In one example, when the bottom surface 3402 of the first rear case recess 341 and the bottom surface 3402 of the second rear case recess 342 are formed with the rear case protrusions 344 at the side of the rear case notch 343, the rear case protrusions 344 on the first rear case side wall 341 are different from the rear case protrusions 344 on the second rear case side wall 342, and the rear case protrusions 344 having different shapes can play a fool-proof role, that is, the middle case top wall 23 and the middle case bottom wall 24 are prevented from being inverted and the first middle case side wall 251 and the second middle case side wall 252 are prevented from being inverted when the middle case 20 and the rear case 30 are installed. The differences here may be: the rear case protrusion 344 on the first rear case recess 341 and the rear case protrusion 344 on the second rear case recess 342 are different in shape, size, or position with respect to the center of the bottom surface 3402 of the first rear case recess 341 and the bottom surface 3402 of the second rear case recess 342.

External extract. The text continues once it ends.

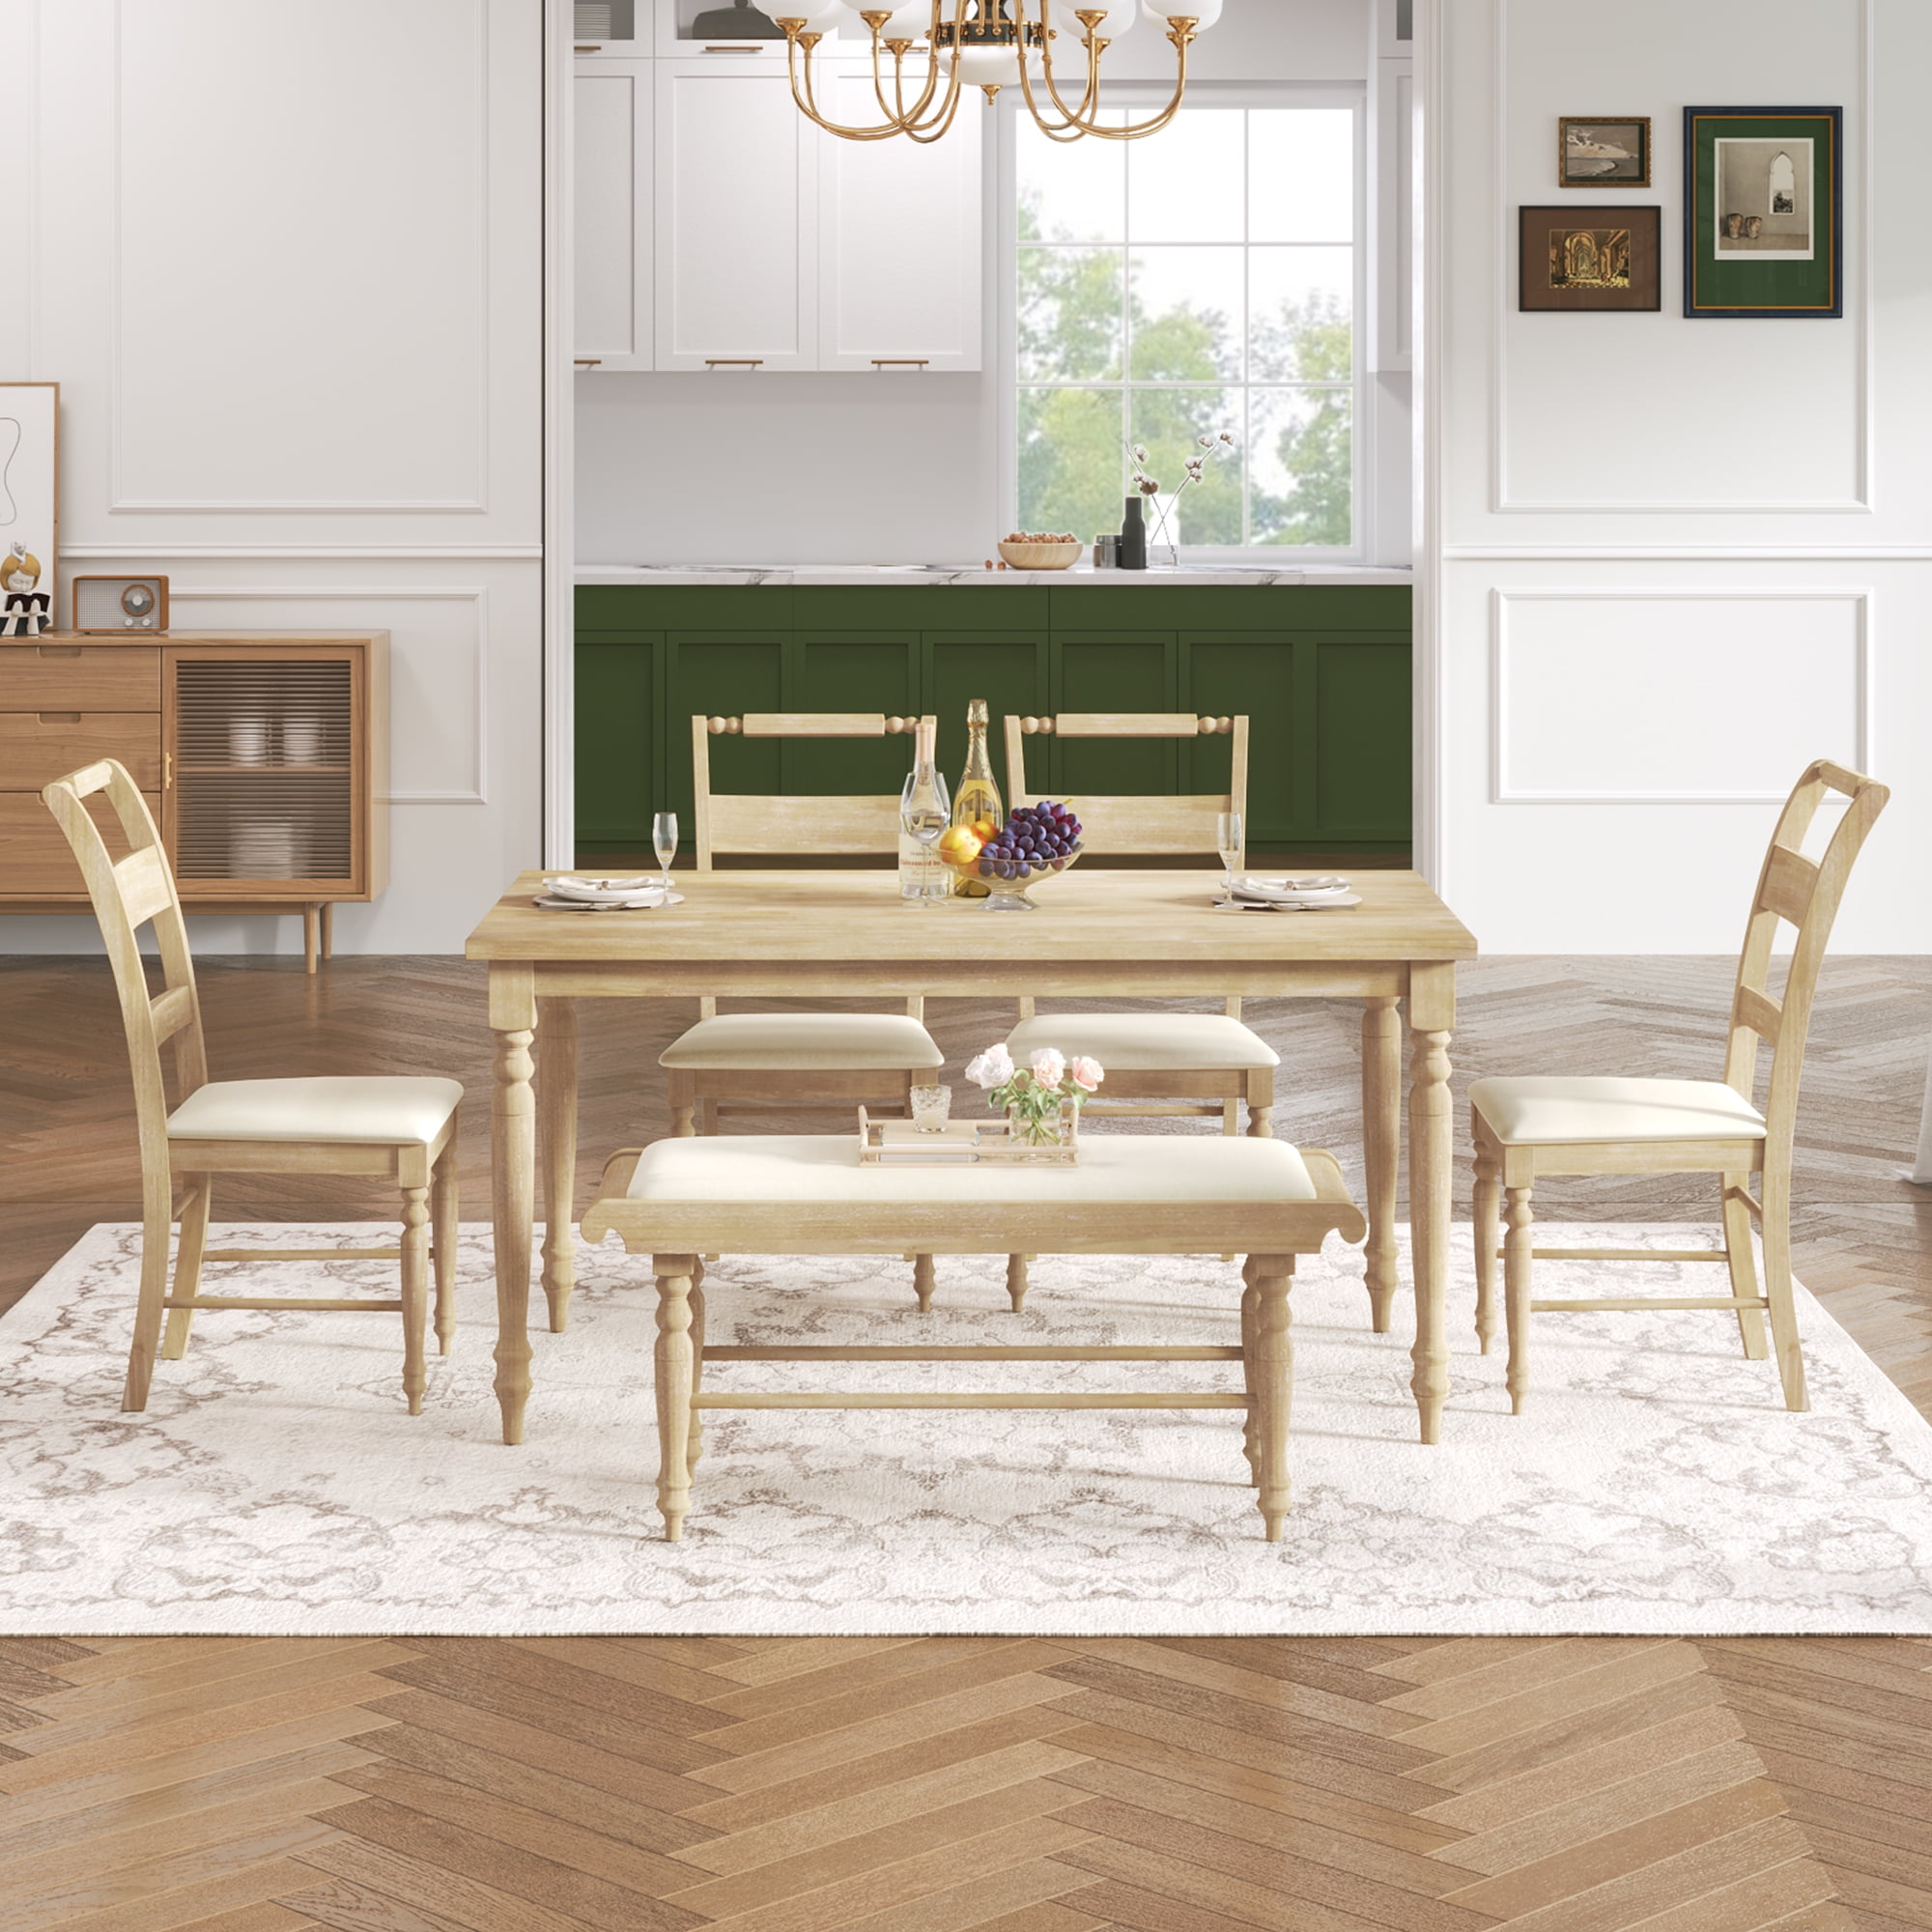 Dining Room Set for 6, Atumon Dining Table Set with Cushioned Bench and ...

A rear housing mounting portion 345 is formed at a bottom surface 3402 of each rear housing recess 34. Specifically, the bottom surface 3402 of the first rear case recess 341 and the bottom surface 3402 of the second rear case recess 342 are each provided with a rear case mounting part 345. In one example, the number of rear case mounting parts 345 provided on the bottom surface 3402 of each rear case recess 34 may be plural. A partial rear housing mount 345 is provided on the rear housing projection 344, the rear housing mount 345 provided on the rear housing projection 344 being matingly lockable with the second end mount 2621 provided on the second recess 362; the remaining rear housing mounting portions 345 are provided on the rear housing side wall 34 at positions other than the rear housing projection 344, and the rear housing mounting portions 345 provided at positions other than the rear housing projection 344 are fitted and locked with the second end mounting portions 2621 provided at positions other than the second recess 262. In this embodiment, the rear housing mounting portion 345 is a locking hole with a thread, and the second end mounting portion 2621 is a mounting hole with a thread. When the second end mounting portion 2621 is mated with the rear housing mounting portion 345, screws are passed through the mounting holes and locked in the locking holes to connect the rear housing 30 to the second end 22 of the middle housing sidewall 25.

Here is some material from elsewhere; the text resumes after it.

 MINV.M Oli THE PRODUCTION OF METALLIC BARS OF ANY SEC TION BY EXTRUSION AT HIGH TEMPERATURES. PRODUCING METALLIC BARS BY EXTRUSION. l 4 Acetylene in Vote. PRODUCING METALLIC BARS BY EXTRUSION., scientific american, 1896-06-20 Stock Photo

Referring to fig. 2 to 4, and fig. 12 and 13, the input/output module 40 includes a circuit board 42 and a module body 41. The circuit board 42 includes a substrate 421 and an electronic component 422 disposed on the substrate.

The plurality of input/output modules 40 are disposed between the front case 10 and the middle case 20 and mounted on the front case 10 and/or the middle case 20, and are received in the first sub receiving cavity 81. Specifically, taking two input/output modules 40 as an example, the two input/output modules 40 may be both mounted on the front case 10 only; alternatively, both of the input-output modules 40 may be mounted only on the middle case 20; alternatively, both the input and output modules 40 may be mounted on the front case 10 and the middle case 20 at the same time; alternatively, one of the two input/output modules 40 is mounted only on the front case 10, and the other is mounted only on the middle case 20; alternatively, one of the two input/output modules 40 is mounted on only the front case 10, and the other is mounted on both the front case 10 and the middle case 20; alternatively, one of the two input and output modules 40 is mounted on only the middle case 20, and the other is mounted on both the front case 10 and the middle case 20.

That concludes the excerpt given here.